From then on the book becomes much more complicated with many characters and sub-plots. There is the love story of Emma, a Catholic and Edward Chester, the son of Sir John Chester, a Protestant and opponent of her uncle, who is dead against their marriage. Also crossed in love are Joe Willet, whose father John Willet is the landlord of the Maypole and the captivating Dolly Varden whose father Gabriel Vardon is a locksmith. Barnaby Rudge is a simple young man, living with his mother. His pet raven, Grip goes everywhere with him. He’s a most amazing bird who can mimic voices and seems to have more wits about him than Barnaby. Grip is based on Dickens’s own ravens, one of whom was also called Grip. (Edgar Allen Poe was inspired by Dickens’s portrait to write his poem The Raven).

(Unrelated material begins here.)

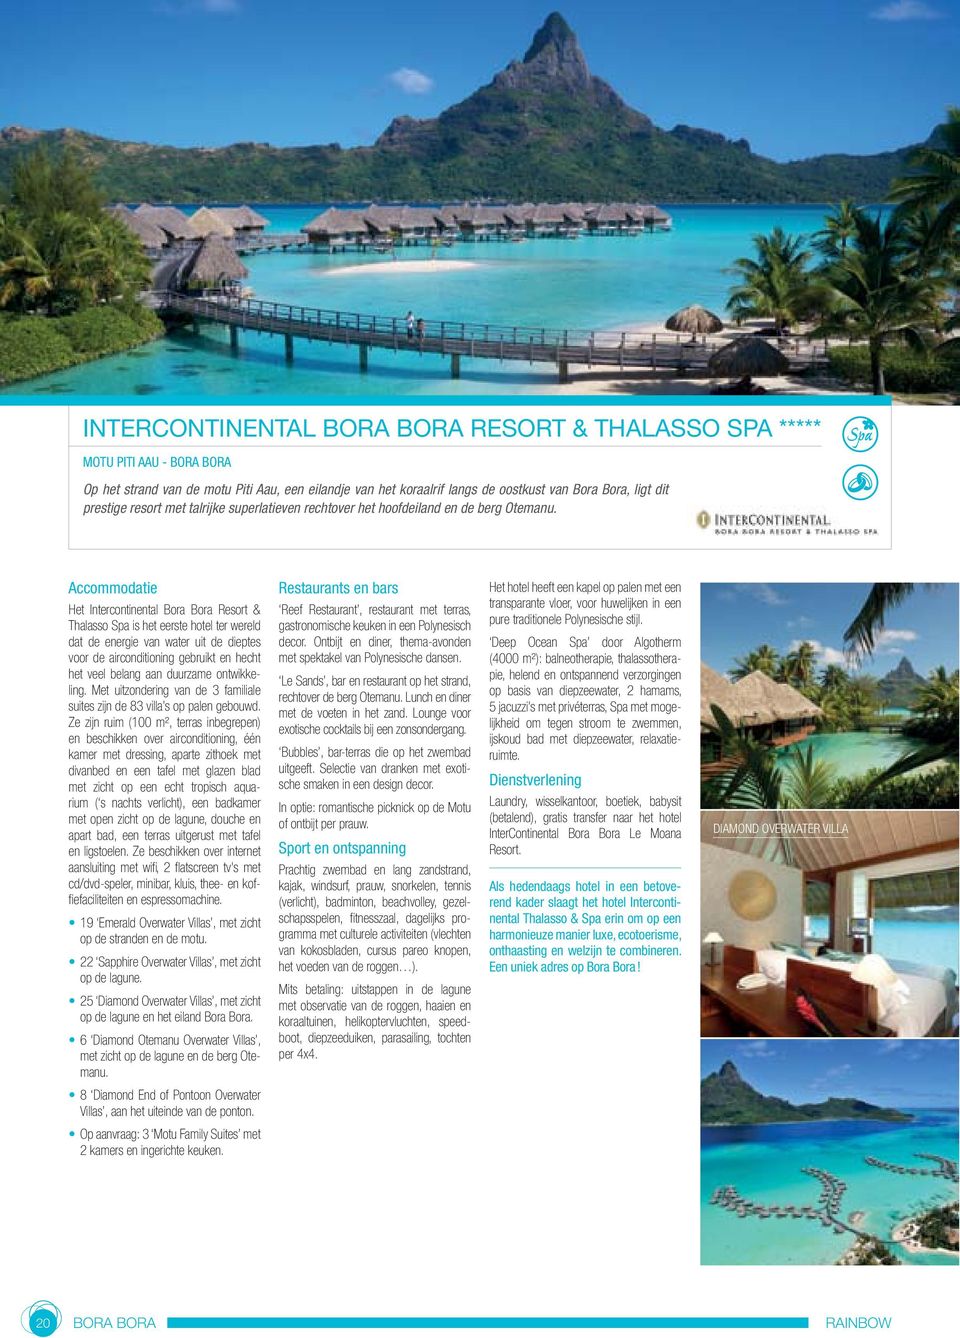 Het Intercontinental Bora Bora Resort & Thalasso Spa is het eerste hotel ter wereld dat de energie van water uit de dieptes voor de airconditioning gebruikt en hecht het veel belang aan duurzame

It’s a long book and in parts loses its impetus, but picks up when Dickens jumps five years forward into the Riots and I was taken aback by his vivid and dramatic descriptions of the violence and horror:
If Bedlam gates had been flung wide open, there would not have issued forth such maniacs as the frenzy of that night had made. … There were men who cast their lighted torches in the air, and suffered them to fall upon their hands and faces, blistering the skin with deep unseemly burns. There were men who rushed up to the fire, and paddled in it with their hands as if in water; and others who were restrained by force from plunging in, to gratify their deadly longing. On the skull of one drunken lad – not twenty, by his looks – who lay upon the ground with a bottle to his mouth, the lead from the roof came streaming down in a shower of liquid fire, white hot; melting his head like wax.

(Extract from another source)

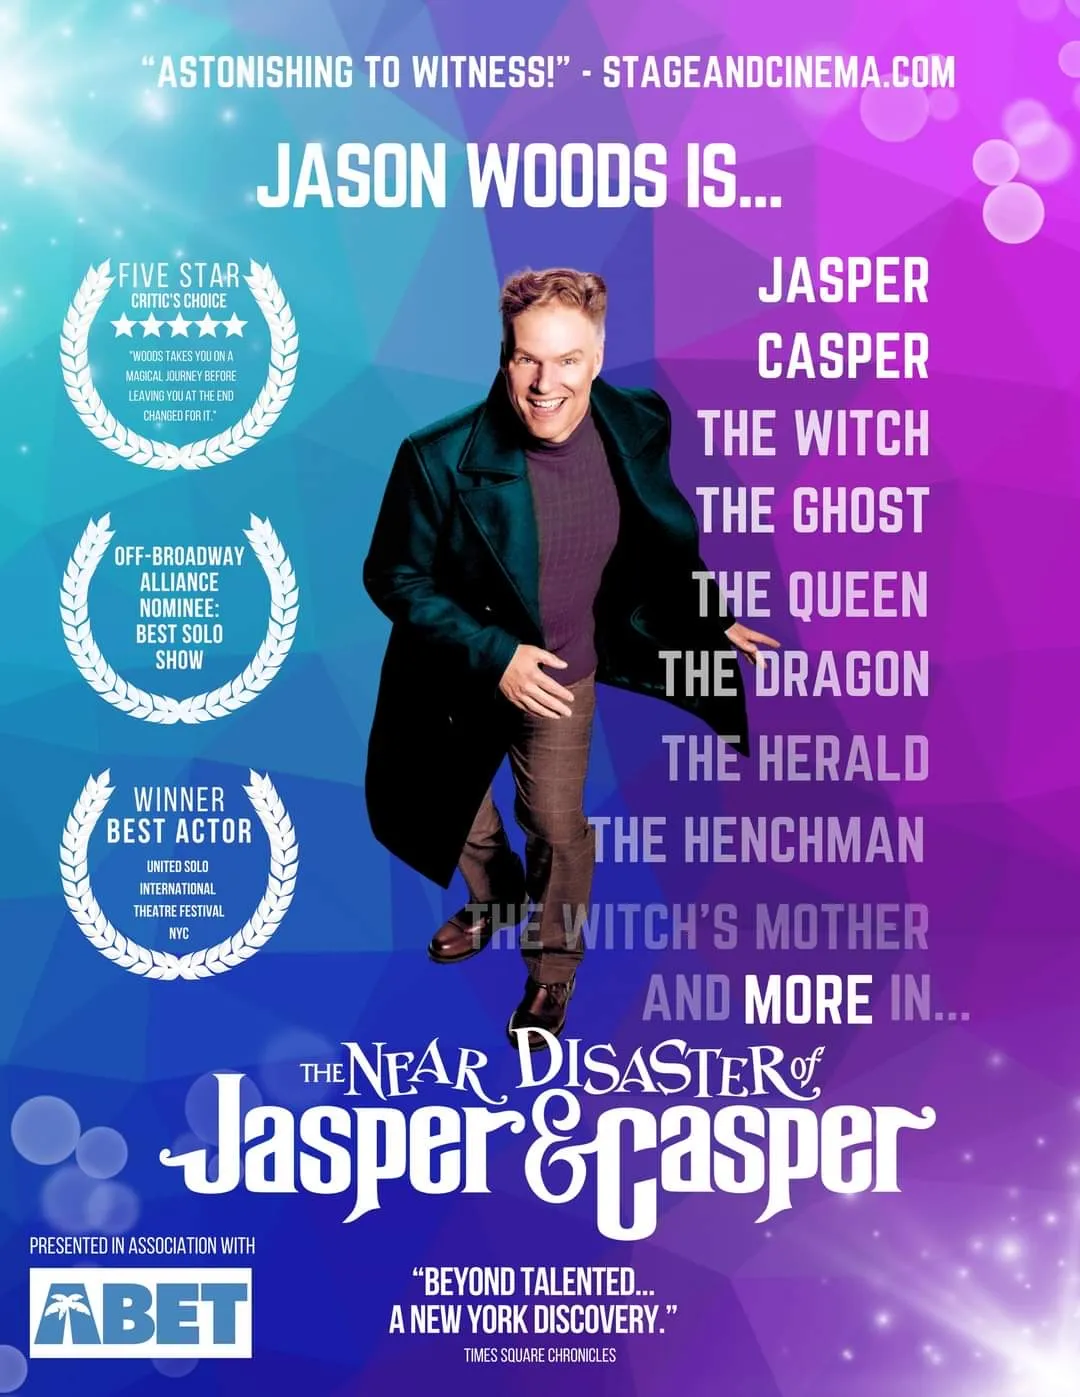 The Near Disaster of Jasper and Casper

And then there is the attack on Newgate prison, the release of the prisoners and finally the scene as the mob set fire to the prison, scenes that rival the storming of the Bastille in A Tale of Two Cities.
By the end of the novel the murderer is revealed and all the plot strands are completed. There are a number of themes running through the novel – the relationship between fathers and sons, the position of authority, justice and the question of punishment for crime, and religious conflict. Dickens paints a picture of London, the dirt and poverty, the terrible condition of the roads, the perils of footpads and highwaymen which is in contrast to the countryside that still at that period surrounded London making it a cleaner, purer place to live in. There are detailed descriptions of the old inn, the Maypole and Vardon’s house and shop with their individual irregularities and strangeness.
And alongside all this are the characters, the restless innocent that is Barnaby, his over-protective and distracted mother, the melodramatic servant Miggs, the pure evil of Hugh, an idle servant at the Maypole who becomes one of the leaders of the riots, and Mr Dennis, the hangman to name but a few.
It wasn’t such a success as some of Dickens’s other novels but I think that that is not a fair reflection of its qualities. It’s almost a book of two parts and the dramatic second half, to my mind, more than makes up for the slow beginning which I had to read slowly and carefully. The portrayal of Barnaby Rudge is also masterly – a sympathetic but totally unsentimental characterisation of his ‘madness’ and his underlying common sense.
Barnaby Rudge was number 6 in the Classics Club Spin, which is the reason I’ve been reading it this June, rather than later. I’ve had the book on my Kindle since March 2013, so not as long as some of my to-be-read books, so it also counts towards the Mount TBR Reading Challenge and the Historical Fiction Challenge too. There are numerous editions of Barnaby Rudge and each one gives different page numbers, depending, I suppose on the format and font size. The Kindle edition estimates its length at 845 pages, so it also counts towards the Tea and Books Challenge.